The Global Assembly on the Climate and Ecological Crisis (2021)
In 2021, for the first time, a citizens’ assembly was convened not for a city or a country but for the whole planet: 100 people, randomly selected from across the world, deliberating the climate and ecological crisis alongside the COP26 summit in Glasgow.
At a glance
Section titled “At a glance”| Process type | Global citizens’ assembly (random selection / sortition), online |
| When | 2021 (timed with COP26) |
| Where | Worldwide / online |
| Convened by | The Global Assembly team (a civil-society coalition incl. the Iswe Foundation), independent of any single government |
| Participants | A Core Assembly of 100 citizens, randomly selected from around the world |
| The question | How can humanity address the climate and ecological crisis in a fair and effective way? |
| Cost | Not published |
What happened
Section titled “What happened”Because no government could convene it, the assembly was built from the ground up: organisers used geographic coordinates and local “community hosts” to reach a genuinely global, representative sample of 100 people — from Afghanistan to Brazil to China — and ran the deliberation online (on a small budget). Participants came less as representatives of their countries than as “representatives of Earth and of humanity.”
Inputs → outputs
Section titled “Inputs → outputs”In: a shared information booklet on the climate and ecological crisis, expert input, and facilitated online deliberation across many languages.

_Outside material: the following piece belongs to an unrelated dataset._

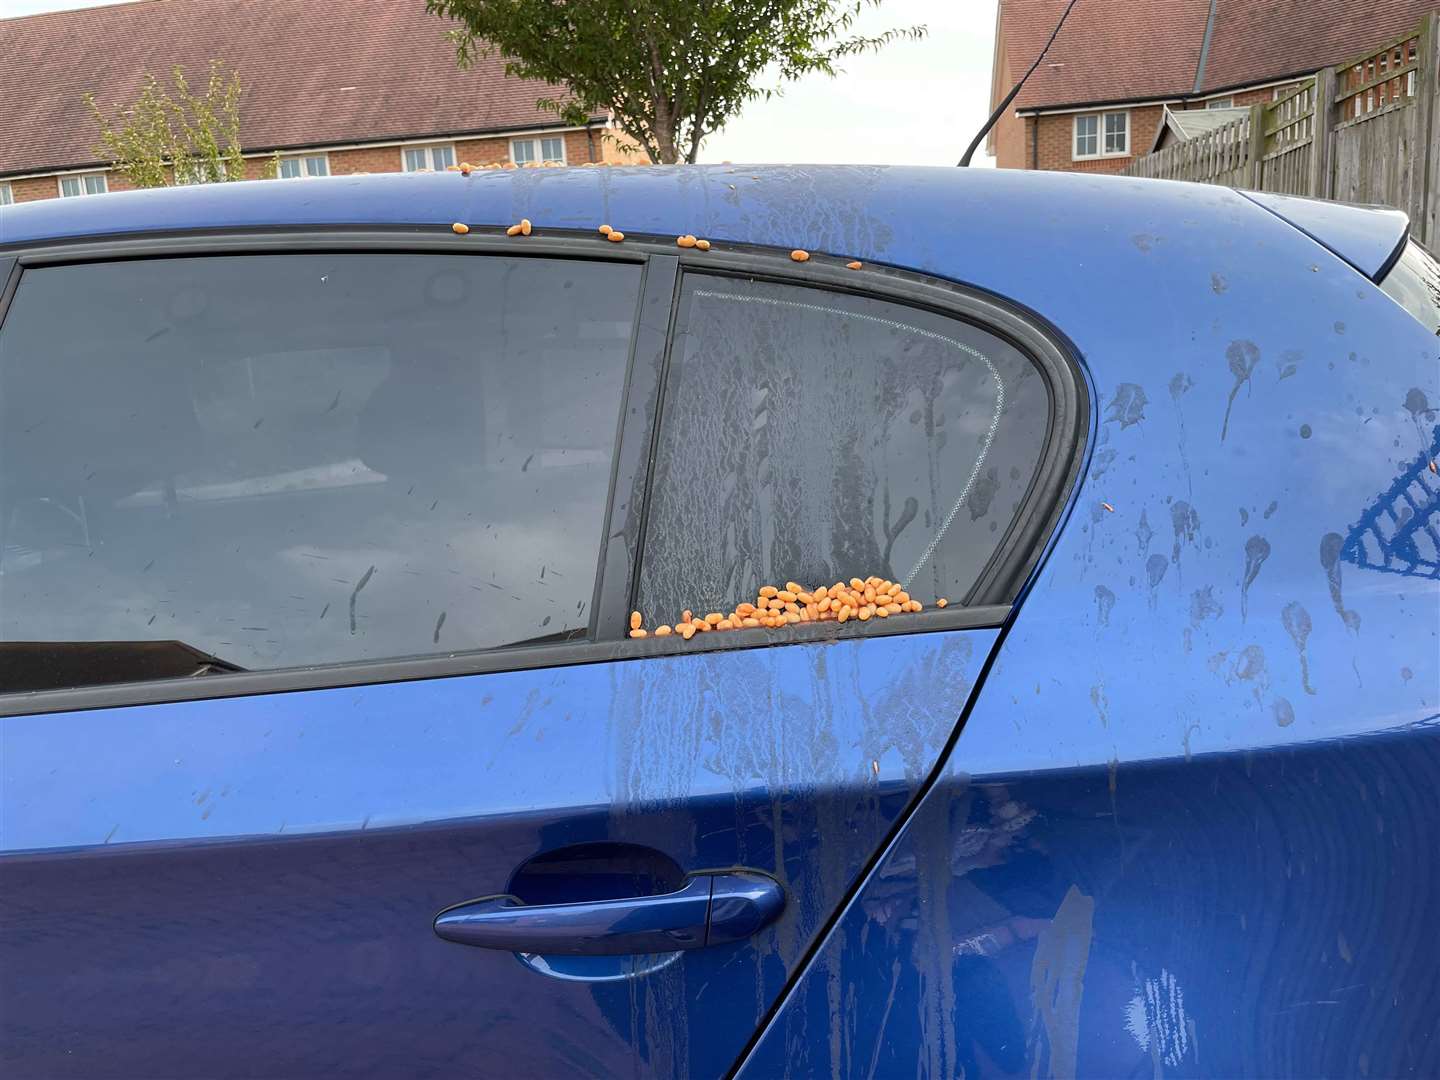 Beans, sausages and eggs were thrown at homes and cars in New Romney, Kent this week. Photo from Sheila Mclachlan.

Out: a People’s Declaration for the Sustainable Future of Planet Earth, and recommendations — including that the crime of ecocide be enshrined in international and national law.
Impact
Section titled “Impact”The Declaration was presented at COP26, and the assembly proved that a planet-scale citizens’ assembly is possible. Its concrete influence on outcomes was limited — it had no formal standing in the negotiations — and researchers have studied exactly that gap between a global assembly’s legitimacy and its leverage. Still, it stands as a working prototype for democratic global governance not tied to nation-states.
How it went
Section titled “How it went”As a proof of concept it was striking: a demographically global sample deliberating constructively online on one of the hardest collective-action problems there is. Its limits are the ones every global-governance experiment faces — no institution was obliged to act on it. It’s a touchstone for the idea, raised by Hélène Landemore among others, that governance could be decoupled from territory.